Authors’ contributions
First Name | Last Name | Conception | Data Acquisition | Data Analysis | Manuscript Writing | Interpretation |
---|---|---|---|---|---|---|
Grzegorz J. | Korpanty | x | x | x | x | x |
Xin | Qiu | x | x | |||
Lawson | Eng | x | x | x | ||
Olusola Olusesan | Faluyi | x | x | x | ||
Daniel J. | Renouf | x | x | x | x | |
Dangxiao | Cheng | x | x | x | ||
Devalben | Patel | x | x | x | ||
Zhuo | Chen | x | x | x | ||
Brandon C. | Tse | x | x | x | ||
Jennifer J. | Knox | x | x | x | ||
Lorin | Dodbiba | x | x | x | ||
Jennifer | Teichman | x | x | x | ||
Abul Kalam | Azad | x | x | x | x | x |
Rebecca | Wong | x | x | x | ||
Gail E. | Darling | x | x | x | ||
David | Reisman | x | x | x | ||
Sinead | Cuffe | x | x | x | x | x |
Wei | Xu | x | x | x | x | x |
Geoffrey | Liu | x | x | x | x | x |
ACKNOWLEDGMENTS
We acknowledge database help from Kevin Boyd and Anthea Lau.
CONFLICTS OF INTEREST
Geoffrey Liu has received honoraria for advisory boards for AstraZeneca, Roche, Novartis, Pfizer, EMD-Serono, Millennium and Takeda.

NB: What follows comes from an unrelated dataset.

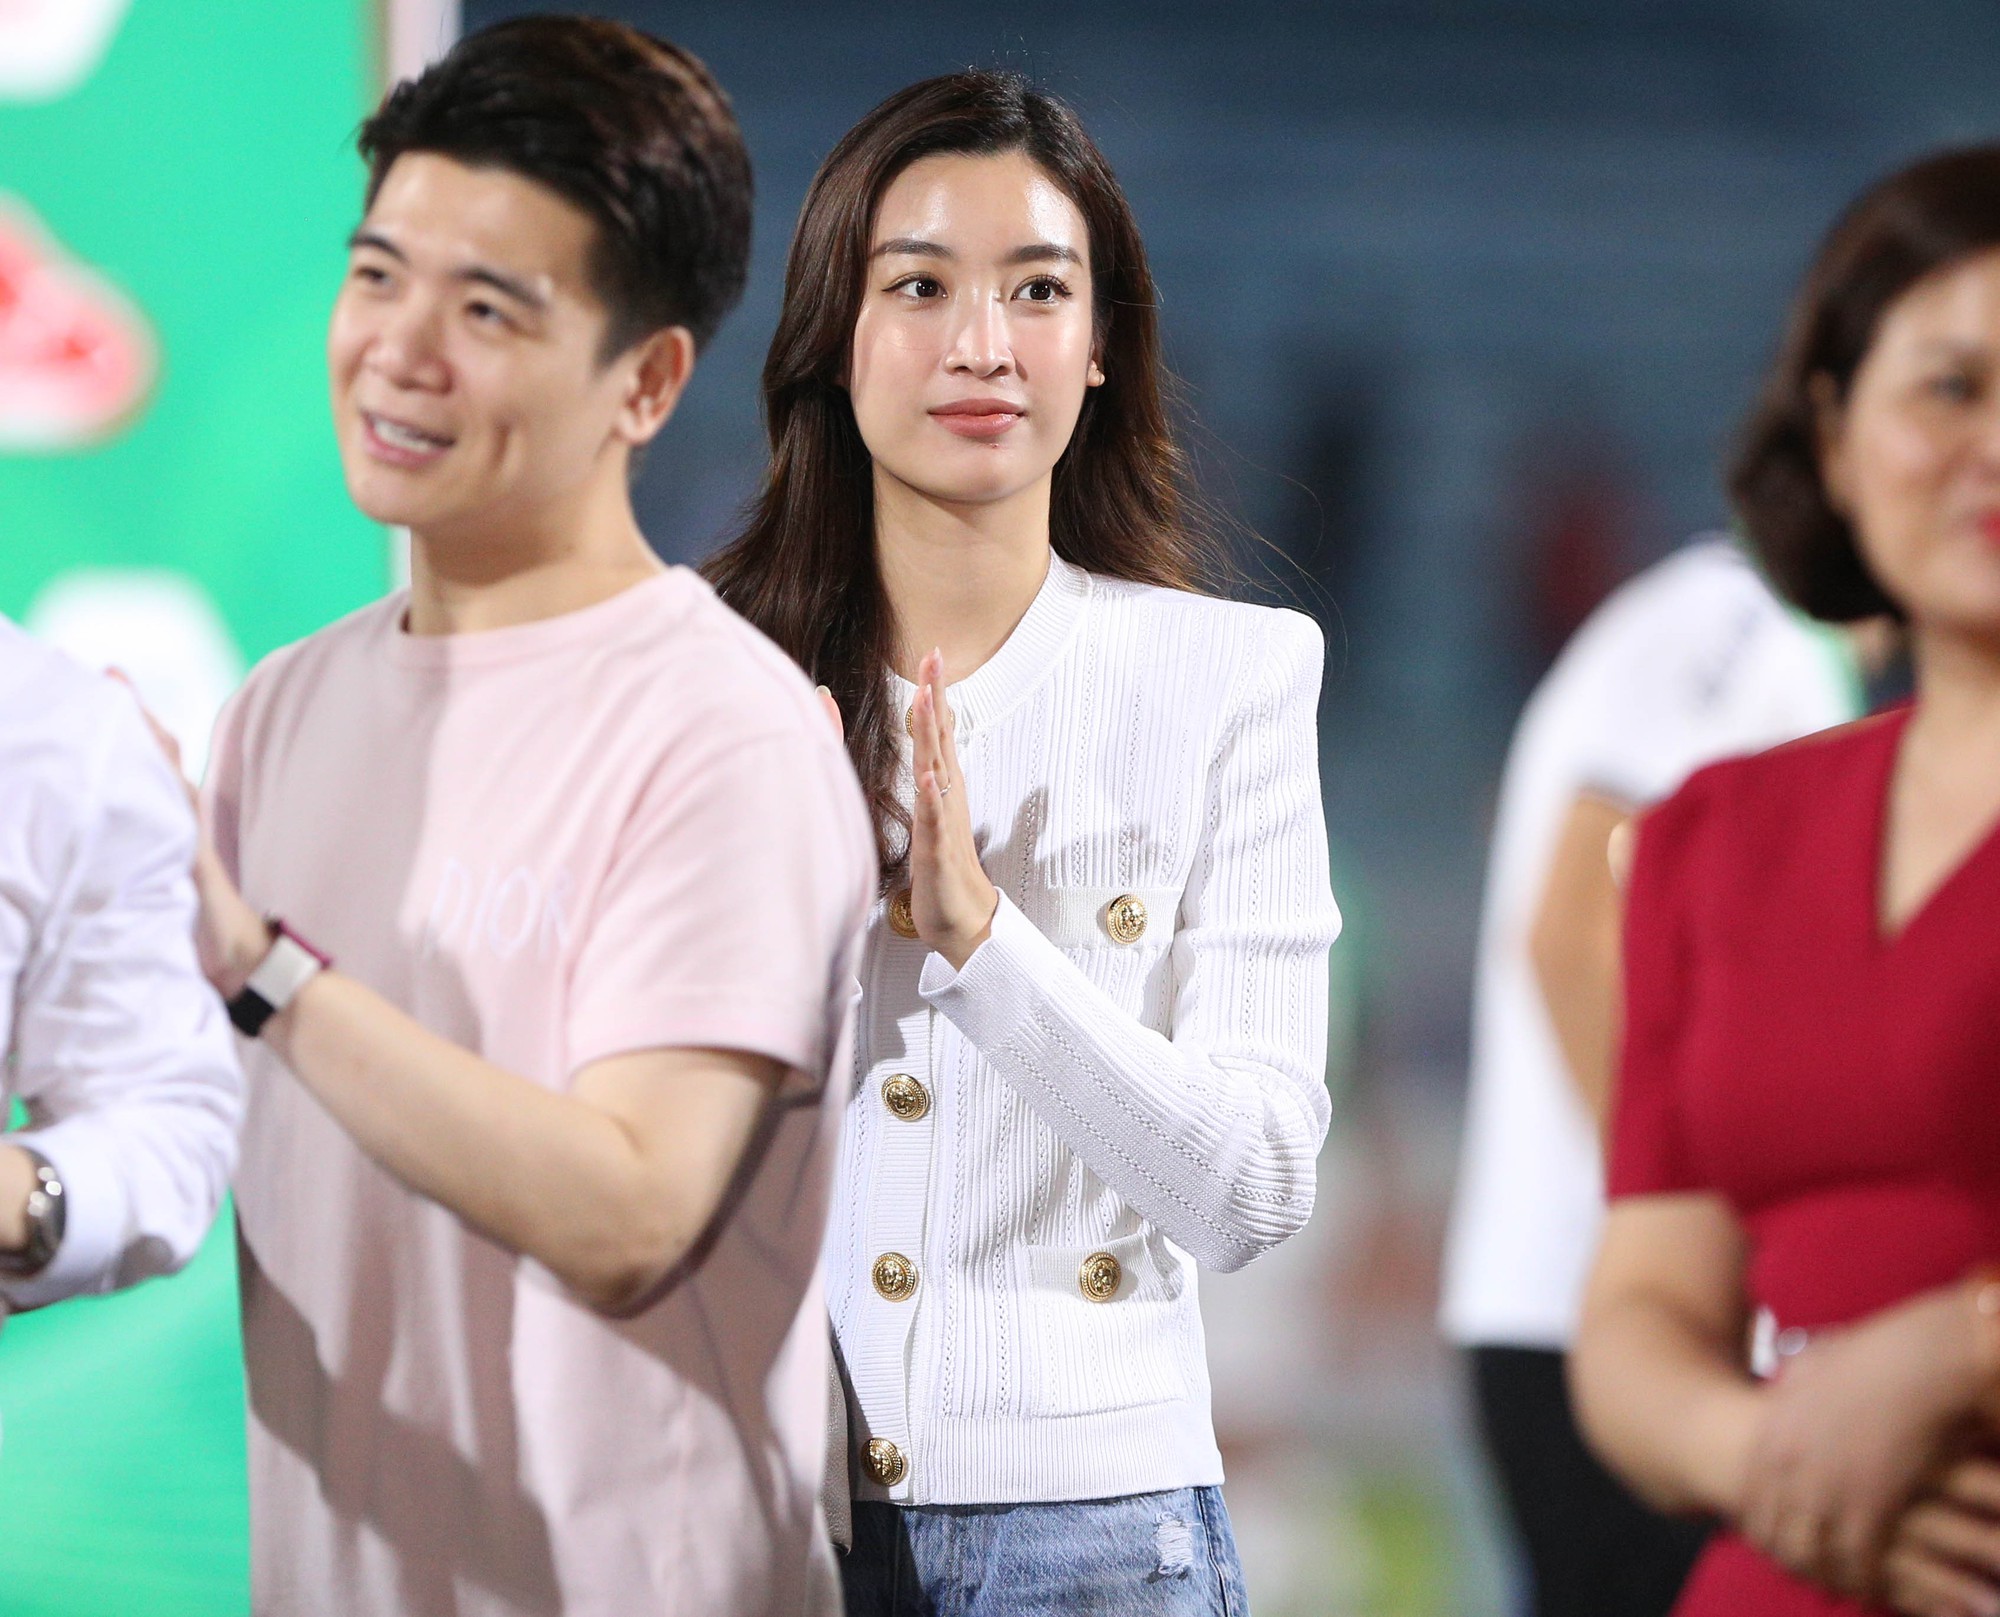 Hoa hậu Đỗ Mỹ Linh nâng Cup vô địch cùng Chủ tịch CLB Hà Nội - Ảnh 2.

For the remaining authors none were declared.
FUNDING
Pharmacogenetic analyses were also supported by the Canadian Institutes of Health Research Operating Grant Program (to G.L.), the National Cancer Institute of the United States R01 program (toe G.L.), the Cancer Care Ontario Chair in Experimental Therapeutics and Population Studies (to G.L), and the Marvin Arbuck Esophageal Cancer Research Fund (to G.L. and G.E.D.). Support was also provided by the Princess Margaret Cancer Centre Alan Brown Chair in Molecular Genomics, and the Posluns Family Fund.